§ About this task
Transcribe, word for word, only the lines from the one containing "SABA Lucille Textured" through the end of the material below. Pictures stay out.

*** Opening of Given data ***

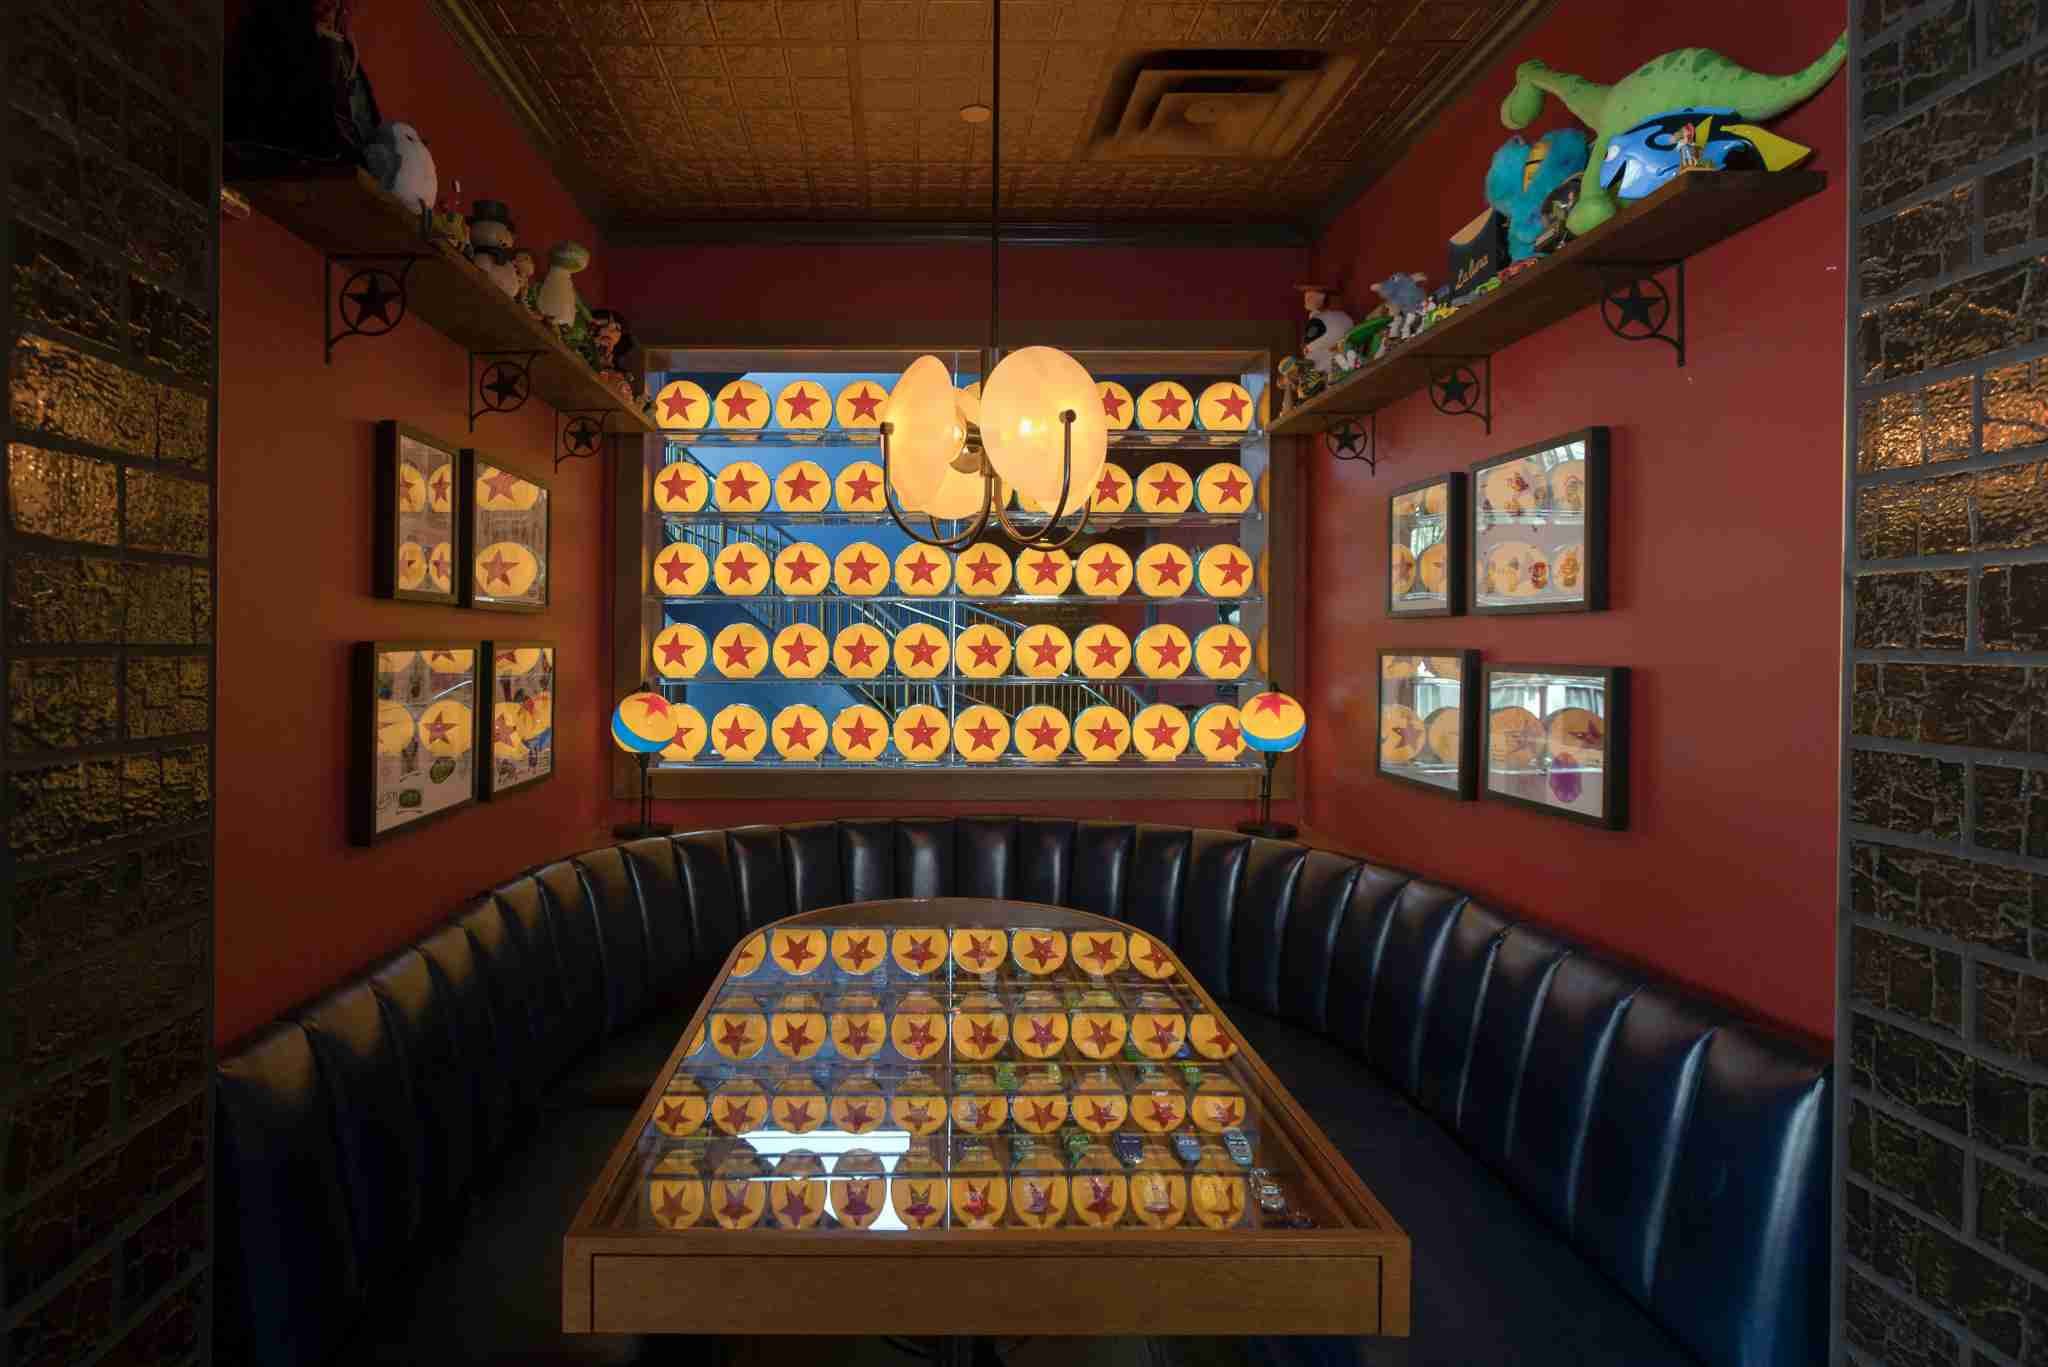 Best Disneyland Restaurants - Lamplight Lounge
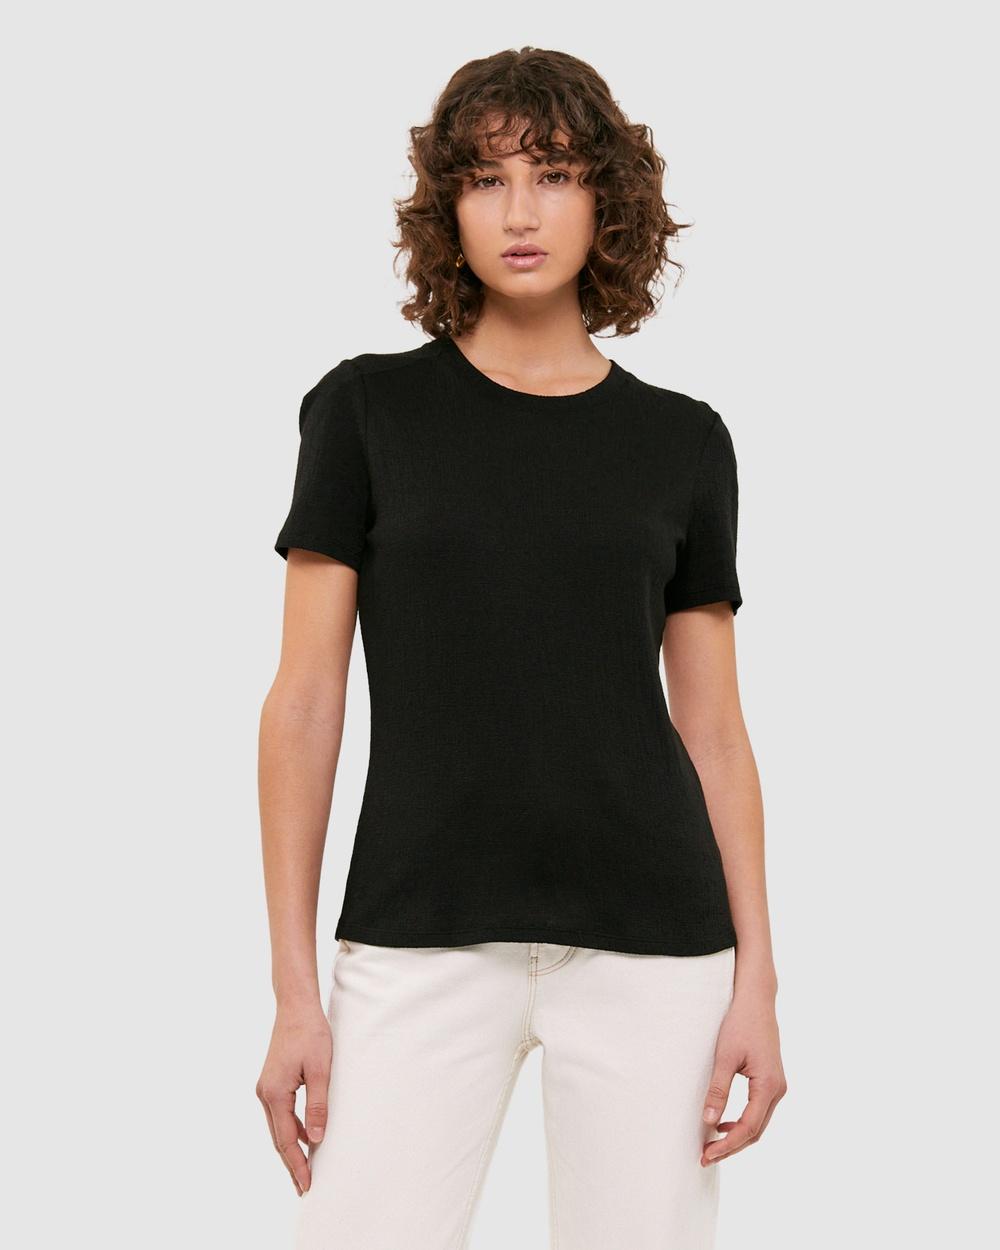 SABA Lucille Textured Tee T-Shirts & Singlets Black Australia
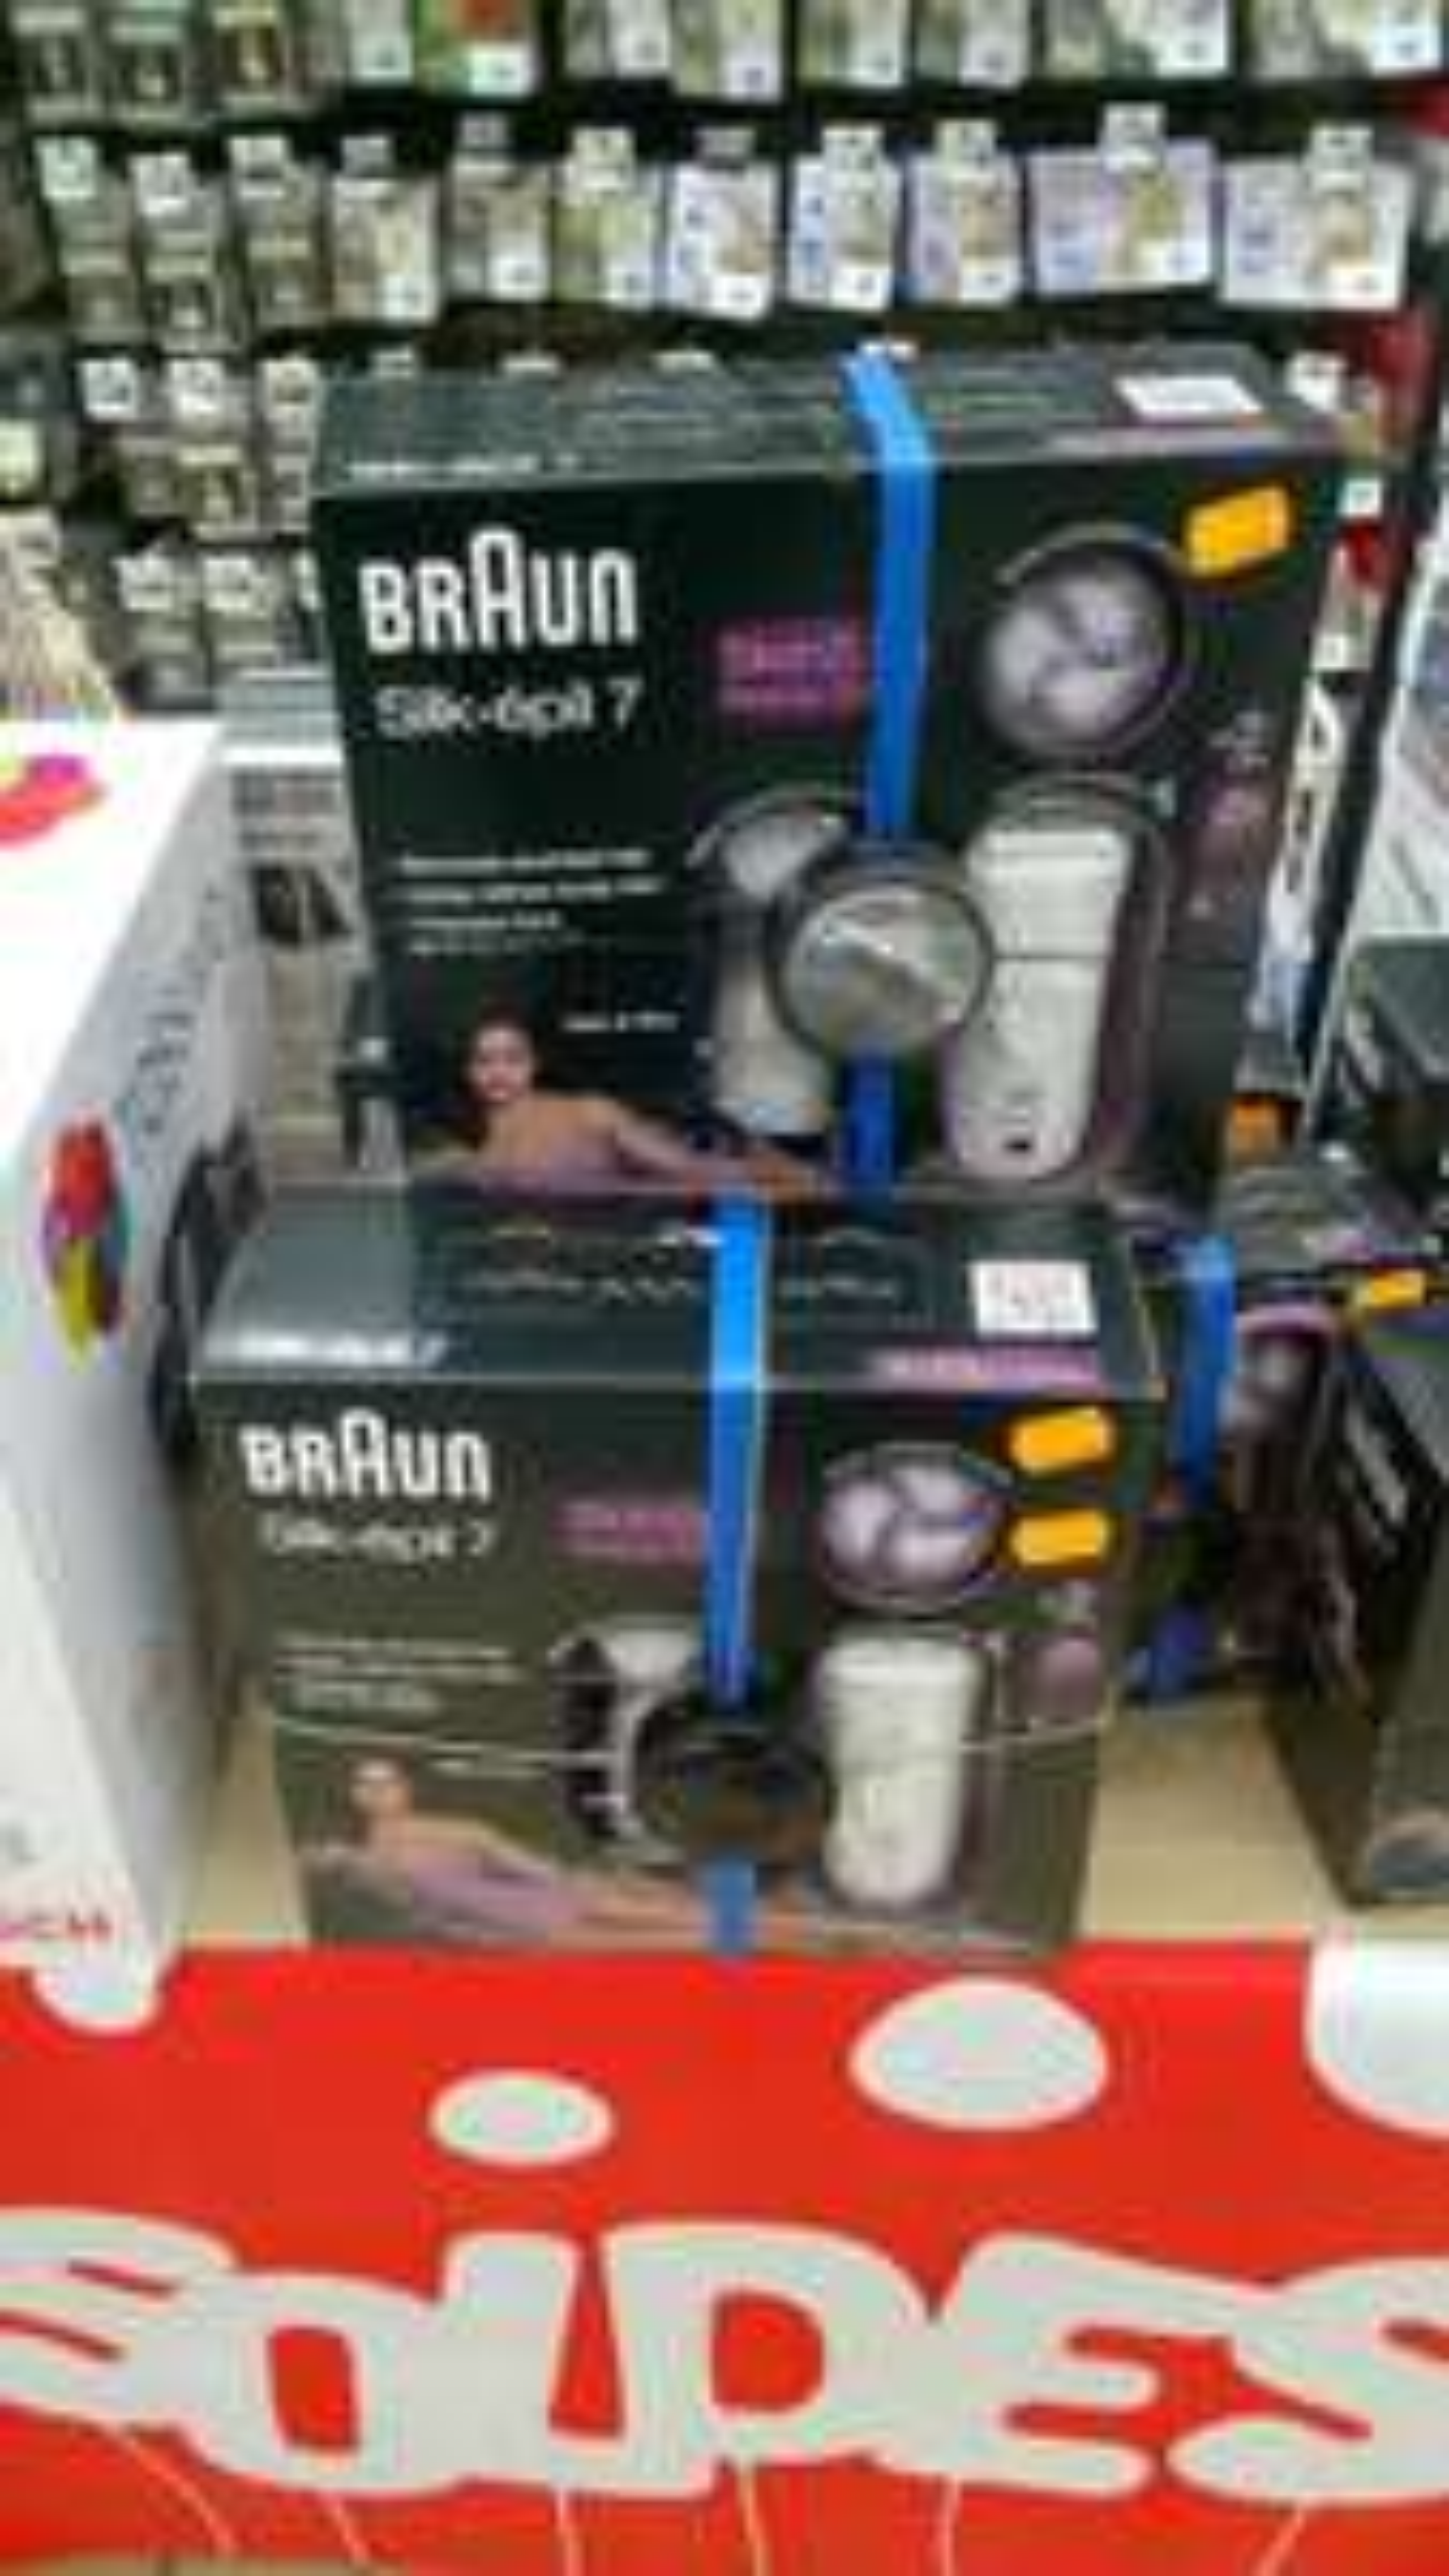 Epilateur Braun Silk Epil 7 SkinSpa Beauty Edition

*** Close of Given data ***

§ Exercise solution
 SABA Lucille Textured Tee T-Shirts & Singlets Black Australia
 Epilateur Braun Silk Epil 7 SkinSpa Beauty Edition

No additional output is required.